I'm creating an install for a .NET application written in C# that comprises three .exe files; the main application shall be accessible for all users of the computer, the other two are tools that only members of the Administrator group shall be able to launch. We only support VersionNT > 400 operating systems (2000, XP, Vista).
Before Windows Vista, it was sufficient to populate the LockPermission table and give only the Administrator group full access over the tools I install.
With Vista's UAC I find that the only way to achieve something similar is to embed a manifest file into the tools' .exe files that contains a line like
Unfortunately, this addition to the manifest is ignored by Windows XP and the .exe files can be launched by any user.
Is there a unified way to ensure that only members of the Administrators group (XP and/or Vista) can launch an application? Probably it would be a good idea to code this directly into the assemblies; still the question is: how would you do it without changing the assemblies' code?
There is no such unified way that I'm aware of.
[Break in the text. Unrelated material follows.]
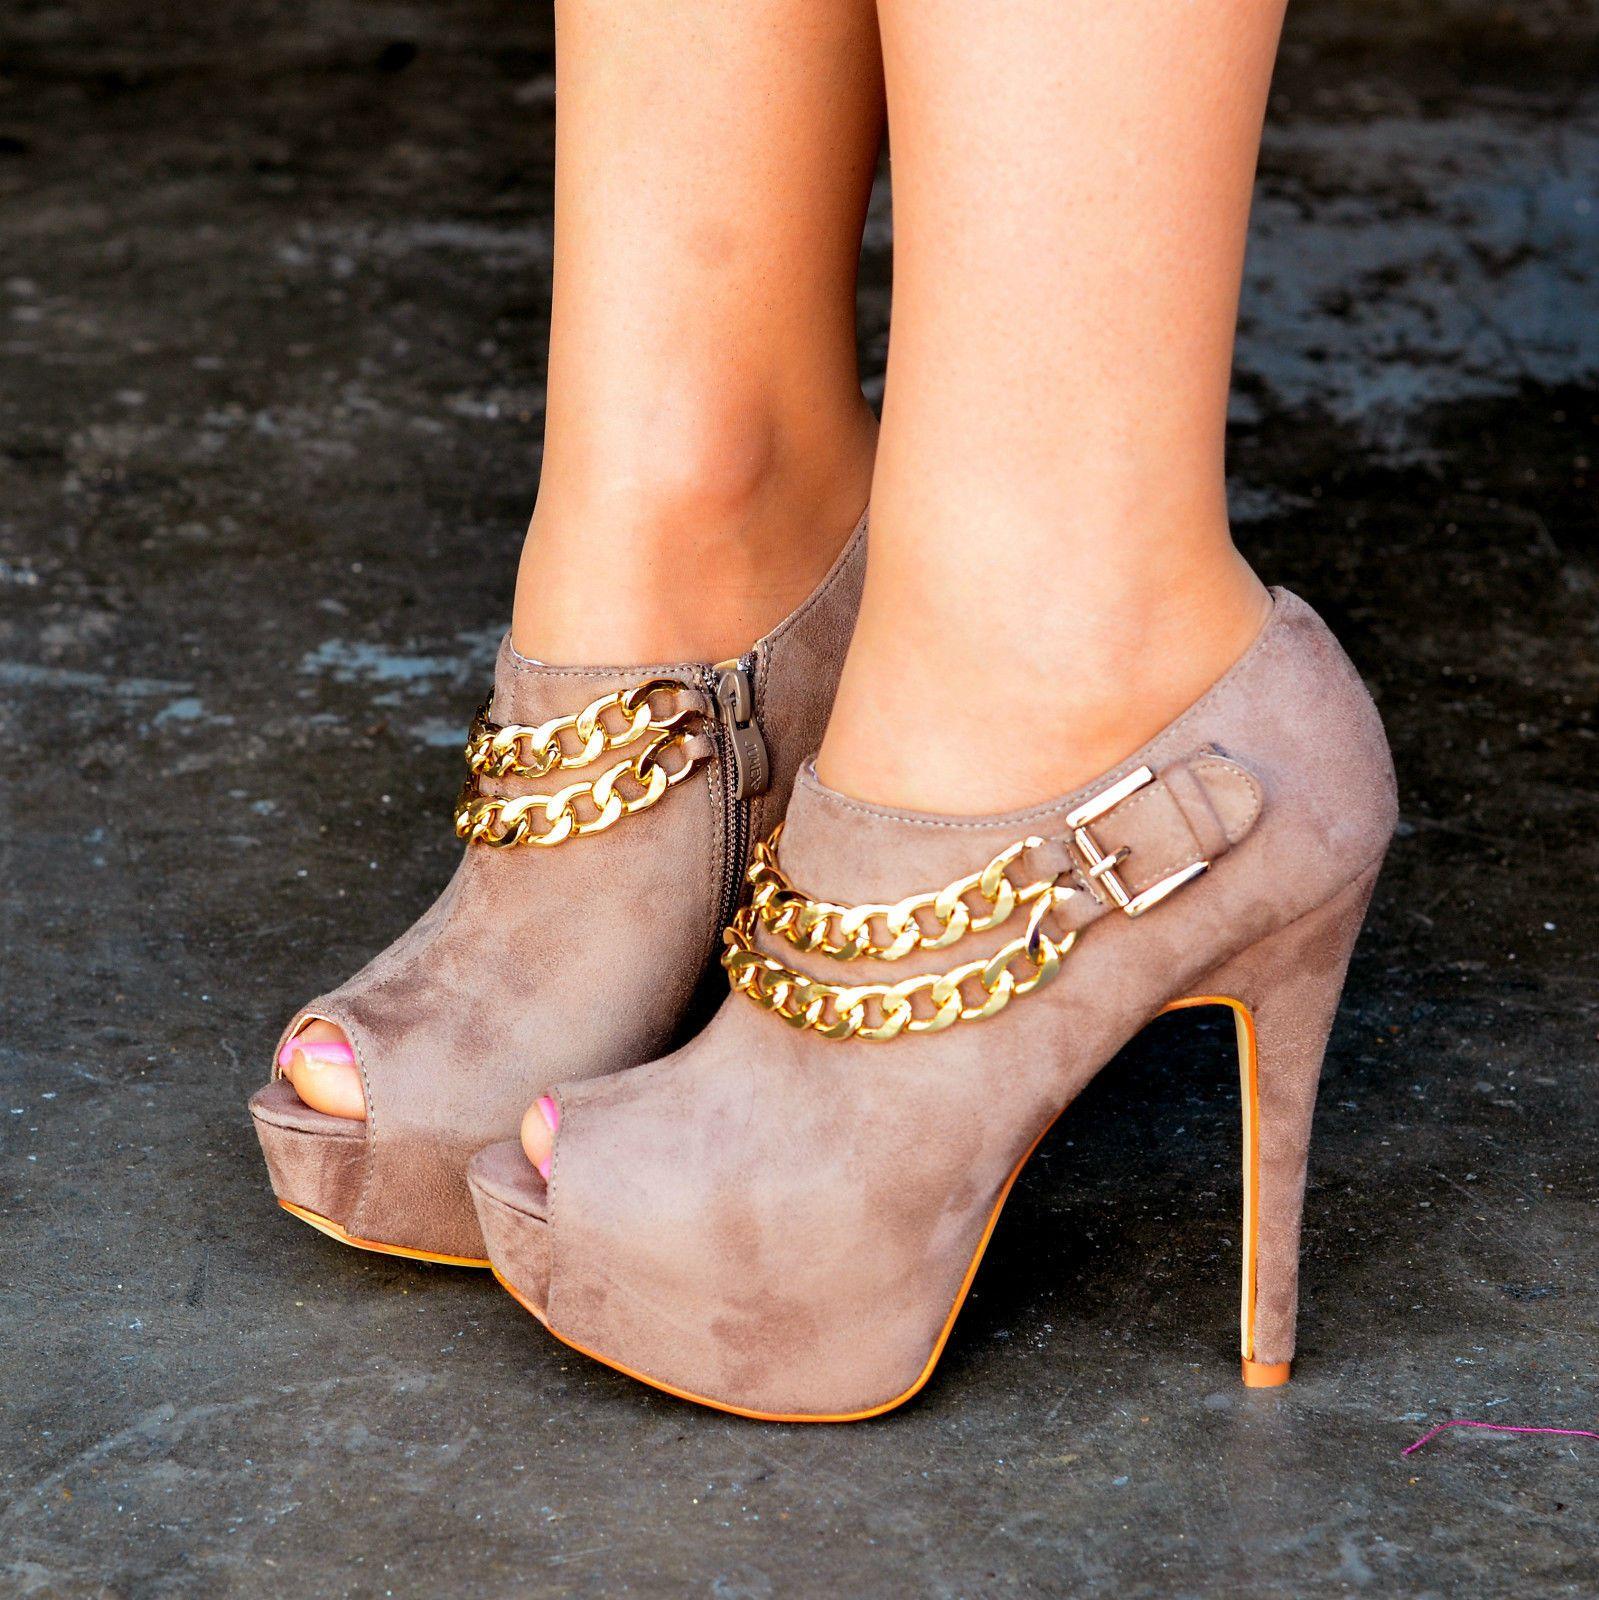 d9ab091efbe Mujer Dorado cadenas Botas De Plataforma zapatos punta abierta Botines

Even the manifest you describe may or may not work in various UAC scenarios on Vista (although I think it will disallow running without, it may not allow the privilege increase you need). The simplest most fool-proof method I can imagine would be a correct programmatic probing of whether your application actually has access to the file. If it does not, it should then use ShellExecute[Ex] or equivalent with the "runas" verb to launch itself while requesting extra privileges. This works both on and before Vista.